Builders ripped down the building that was located in the anonymous street in an English seaside town this week.
One workman at the site told KentOnline they were horrified after realising the artwork on the building, which was titled 'Morning Is Broken', belonged to the legendary artist..
“We had no idea it was a Banksy," they said. "It made me feel sick realising it was a Banksy - we were gutted.
"We started demolishing it yesterday. The landowner watched us do it and didn’t know either.”
The piece shows a silhouette of a child opening curtains with a cat perched next to him.
The building was pulled down to make way for more than 60 properties.
In the past, the artist’s pieces have sold up to £18 million (AUD $32 m).
One lucky fan managed to capture a glimpse of the work before it was knocked down.
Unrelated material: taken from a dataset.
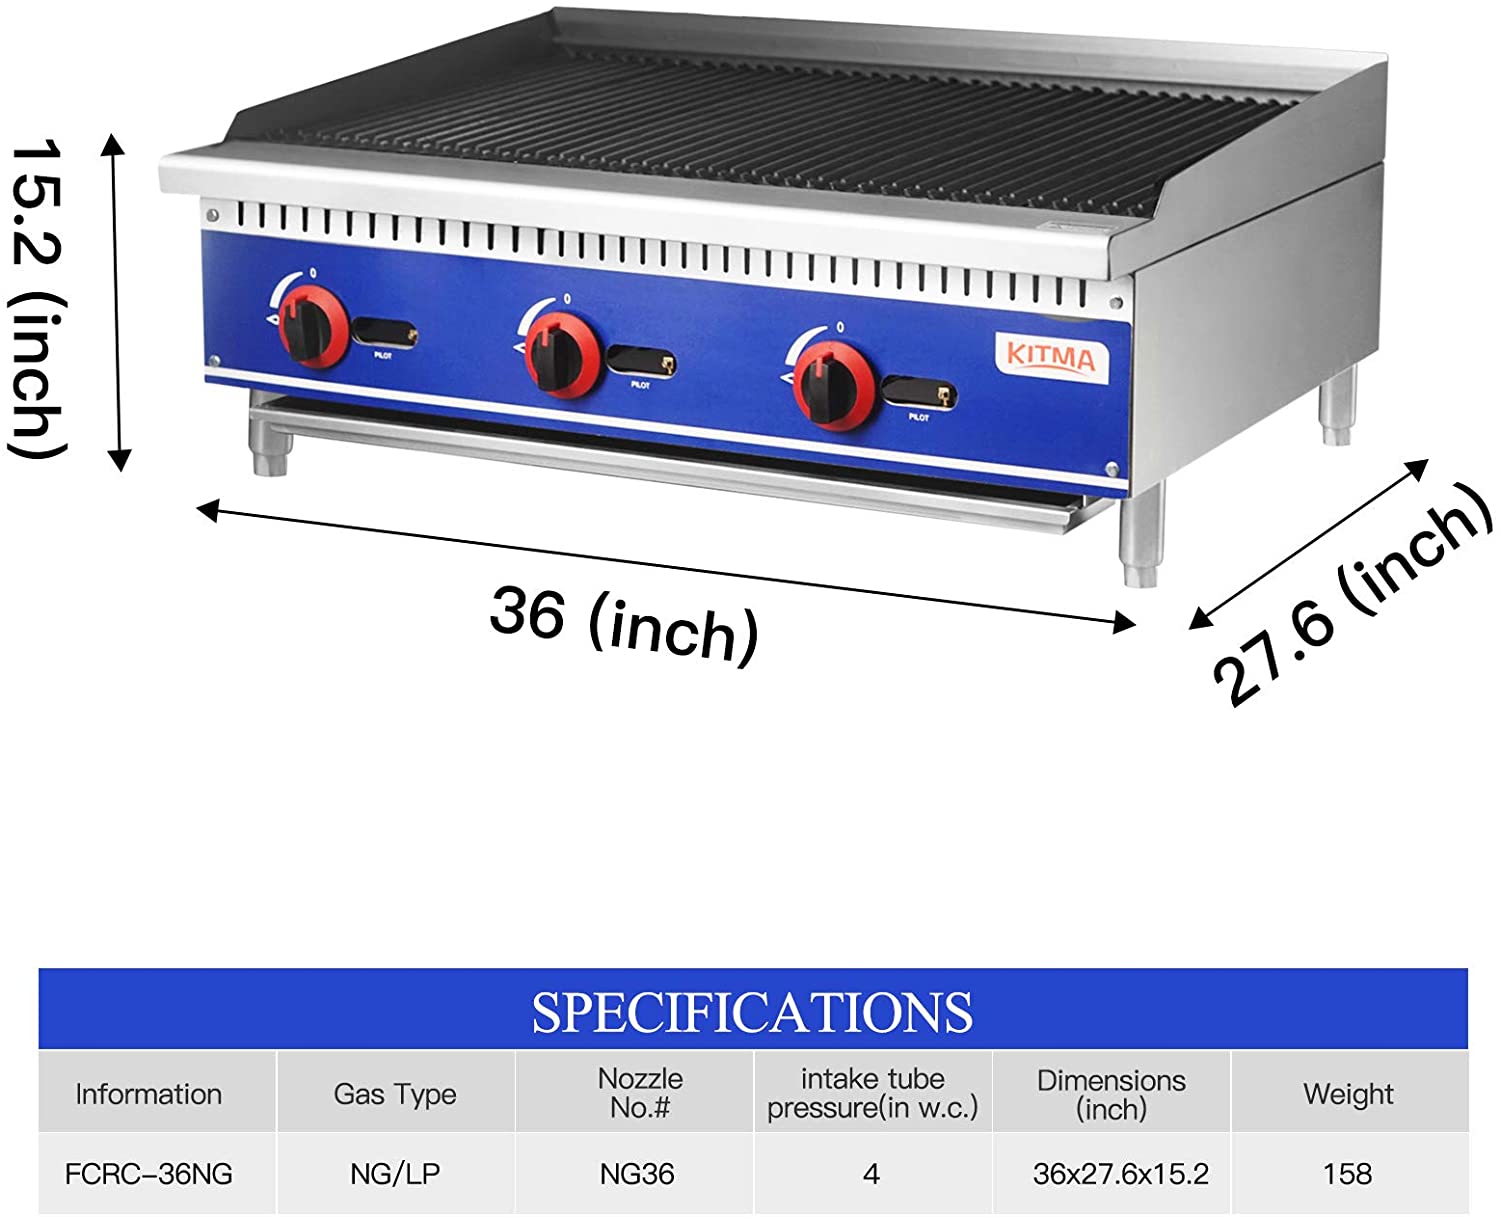 KITMA Commercial Countertop Radiant CharBroiler - 36 Inches Natural Gas Char Broiler with Grill for Barbecue, 105,000 BTU per Hour - image 2 of 7

"I went to have lunch and saw the Banksy post on Instagram," Adam Brooks told KentOnline.
"I recognised the building straight away and I was only a minute away so I jumped in my van and went down there.
"I spoke to the builders and they said they had seen someone in black on the hill this morning taking a photo of the building but did not think anything of it.
"Since this morning, their bosses have phoned and told them to try and dig out any of the Banksy piece from the skip."
People have since managed to find scraps of the artwork in the rubble.
Last month, the council removed part of a Banksy mural in Margate, Kent, which was a nod to domestic violence.
The ‘Valentine’s Day Mascara’ piece showed a caricature of a 1950s housewife, bearing a swollen eye and a missing tooth, pushing her husband into a freezer.
But the piece, which used a real freezer as part of its installation, didn’t get approval from the Thanet district council, which deemed it a safety hazard.
As a result, the freezer was removed, and the council said it would be returned once ‘it had been made safe’, as per The Guardian.
Similarly, in 2020, Banksy's coronavirus-inspired art was removed from a London subway.
The piece, 'If you don't mask, you don't get', was painted inside a Circle Line service carriage.
However, before the artist unveiled the fresh ink of their Instagram, it had already been wiped off by Transport for London (TfL) cleaners.
A representative of the TfL told BBC News that staff were unaware it was created by Banksy and removed it due to vandalism.
“The job of the cleaners is to make sure the network is clean, especially given the current climate,” they added.